Step dada2-rs wall (s) dada2-rs cores dada2-rs peak (MB) R wall (s) Speedup
filter 11.3 20.4 21 31.7 2.8×
learn_fwd 18.7 21.6 648 83.2 4.4×
learn_rev 22.4 21.1 772 109.4 4.9×
dada_fwd 65.4 20.8 686 433.9 6.6×
dada_rev 43.1 19.9 568 332.9 7.7×
merge 4.1 17.1 1483 208.9 51.5×
make_table 0.2 1.0 144 0.1 0.6×
remove_bimera 0.3 20.6 21 0.2 0.8×
TOTAL 165.6 20.5 1483 1224.1 7.4×

MiSeqSOP, no pooling, k5 — dada2-rs vs R (R-single end-to-end wall)
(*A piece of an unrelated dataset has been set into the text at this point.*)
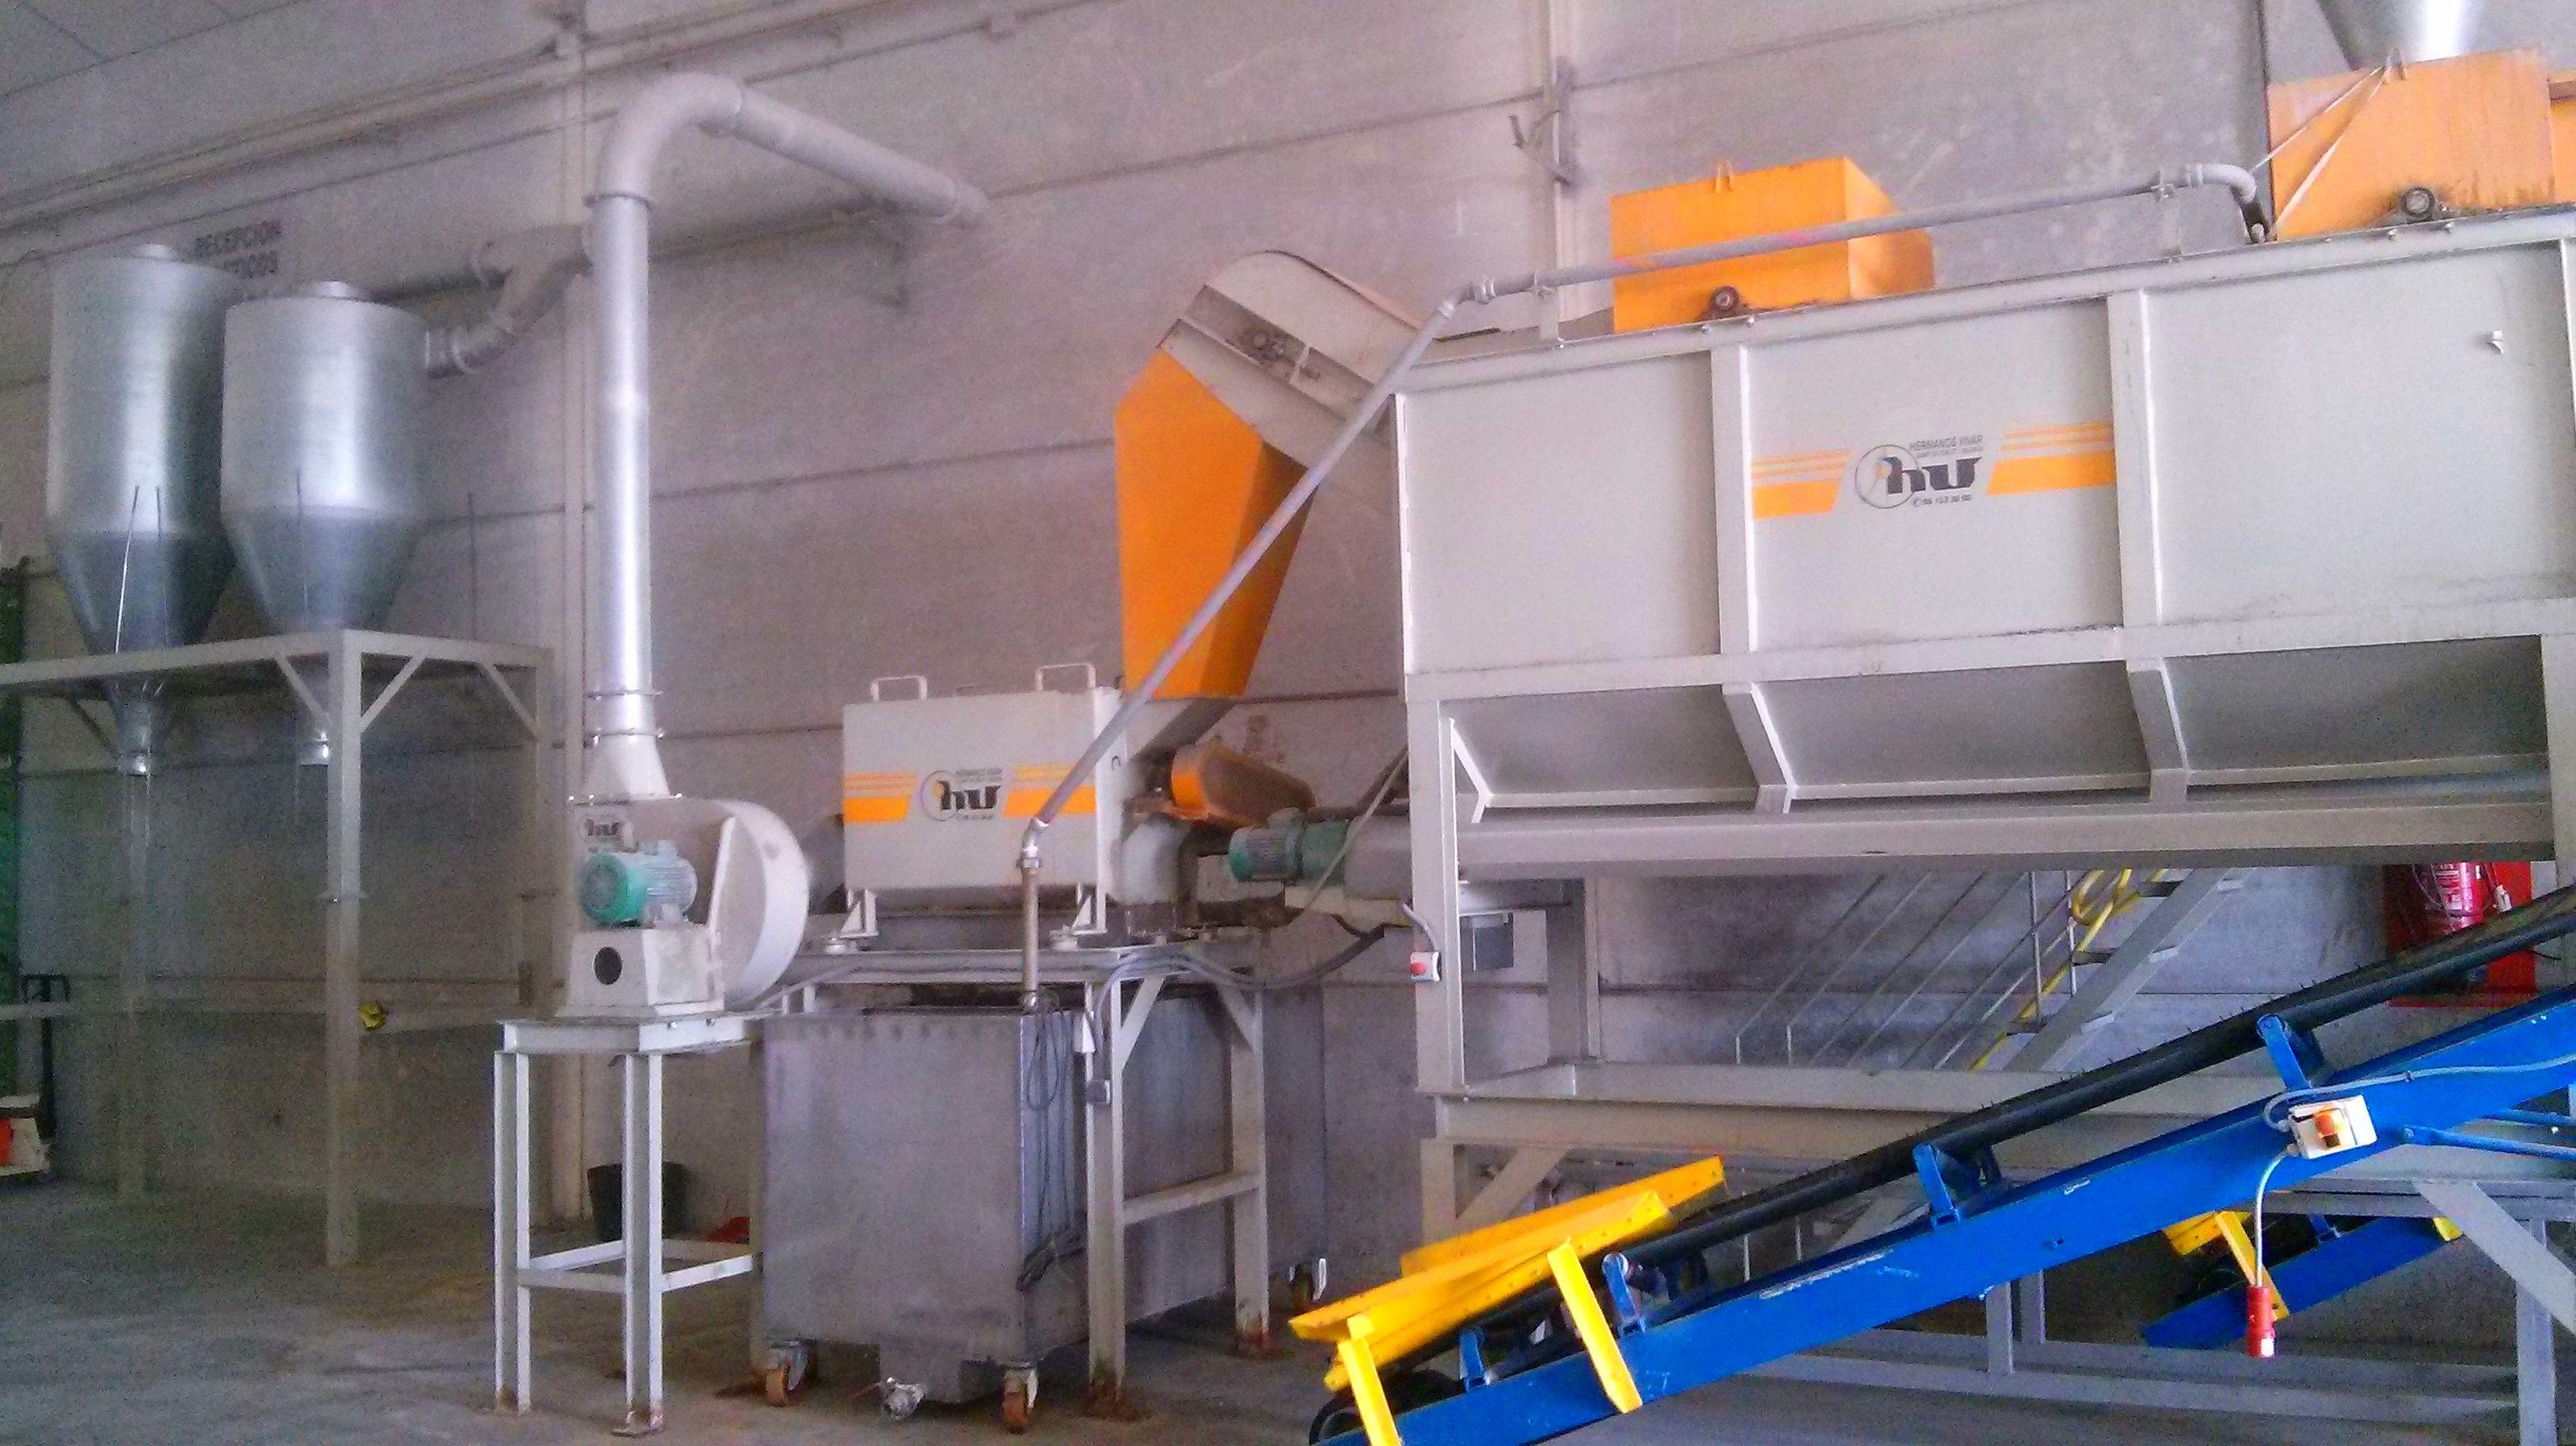 Foto 12 de Reciclaje de residuos en Manises | PalePlast, S. L.

Step dada2-rs wall (s) dada2-rs cores dada2-rs peak (MB) R wall (s) Speedup
filter 11.2 20.6 21 31.1 2.8×
learn_fwd 19.0 21.5 635 80.8 4.3×
learn_rev 22.4 21.0 769 107.6 4.8×
dada_fwd 22.2 19.9 573 196.4 8.8×
dada_rev 14.8 19.0 467 155.5 10.5×
merge 3.4 15.5 1554 198.5 59.1×
make_table 0.1 1.0 62 0.1 1.0×
remove_bimera 0.1 17.8 21 0.1 0.8×
TOTAL 93.2 20.2 1554 791.3 8.5×

Notably the big improvement is with merge-pairs, largely due to threading, though overall steps are generally faster. One interesting point: the full pooling run suggests that the two dada steps are not fully utilizing all cores, which may be a further point to assess.

Regenerating these tables

After a run, distill its summary.csv to Markdown:

# scorecard across modes (one row per run)
python3 comparison/benchmark/bench_table.py \
    "pooled=bench_true/summary.csv" \
    "per-sample=bench_false/summary.csv" \
    "pseudo=bench_pseudo/summary.csv"

# per-step breakdown for one run
python3 comparison/benchmark/bench_table.py --per-step bench_pseudo/summary.csv

Paste the output into the tables above.